O homem não só muda o seu mundo externo como simultaneamente se transforma
de maneira autoconsciente pelo seu trabalho. A nível individual, ao optar pela
sobrevivência opta pelo trabalho. A nível de espécie, o homem se fez homem ao
transformar o mundo pelo seu trabalho. Como a Psicologia busca a compreensão do
homem, ao menosprezar o papel do trabalho na proposição dos conceitos psicológicos
acaba se distanciando do seu objeto de estudo. Um dos conceitos que merece reflexão é o
de aptidão pois “no desempenho do fazer, na ação concreta do trabalho , o homem domina
o trabalho e a si mesmo, constrói sua natureza humana e constrói novas formas de agir
sobre a natureza, constrói novas aptidões, portanto” (Paulon, 1988, p.9). Assim, aptidão é
algo que se transforma da mesma forma que o homem se transforma pelo trabalho e quanto
a reflexão sobre este conceito pode sugerir um novo fazer psicológico na área a que se
refere este trabalho.
No entanto, aproveitando o que dizia Bakunin (apud Toledo, 1982, p.78) “o trabalho
não se converte em trabalho propriamente humano a não ser quando começa a servir para a
satisfação não só das necessidades físicas, e fatalmente circunscritas à vida animal, como
também do ser social, que tende a conquistar e realizar plenamente a sua liberdade (...)”.

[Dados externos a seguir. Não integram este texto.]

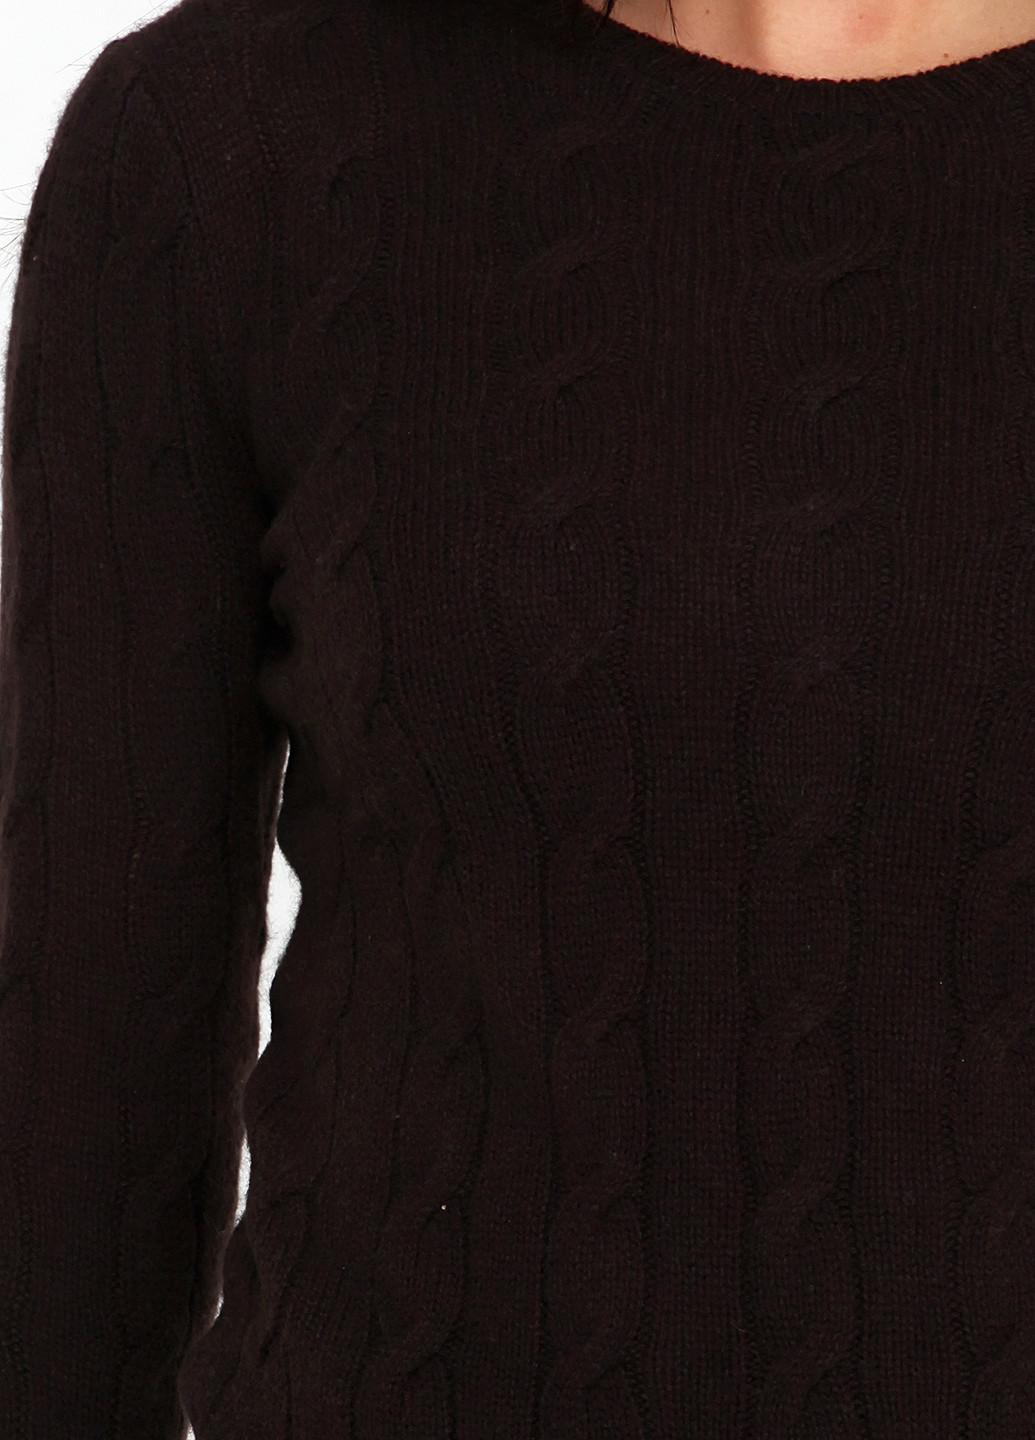 Темно-коричневый демисезонный джемпер джемпер Ralph Lauren

Não se pode negar as limitações decorrentes do invólucro ideológico dos regimes, seja
quando expresso pelos previlégios econômicos e manipulação consumista, no caso do
capitalismo chamado selvagem, seja quando expresso pelas ortodoxias esteritipadas da
ideologia do socialismo autoritário.
Sem pretender um discurso ideológico, mas também sem negar uma ideologia, o
que proponho é o resgate do paradigma trabalho na compreensão do homem, tão esquecido
pela Psicologia. Codo (1984) se refere a esta escassez quando aponta que encontra apenas
10 páginas a respeito em um manual de 5 volumes que percorre todas as áreas da
Psicologia.
O que proponho é o paradigma trabalho, o resgate do significado de alguns
conceitos psicológicos à luz deste paradigma e uma conseqüente práxis, palavra usada para
representar uma interação, retratar a própria dinâmica do processo de aprendizagem, na
qual o homem utiliza-se da experiência e teorias adquiridas anteriormente, ao mesmo
tempo em que cria novas formas de intervenção a partir da experiência.
Se o trabalho sempre foi uma maneira de subjetivar o mundo, transformá-lo à nossa
imagem e semelhança, portanto, objetivarmo-nos.
Se o trabalho enquanto modo de produção da existência humana exigiu do homem a
convivência em grupo, o desenvolvimento da linguagem e a divisão do trabalho.
Por que não “psicologia do trabalho”?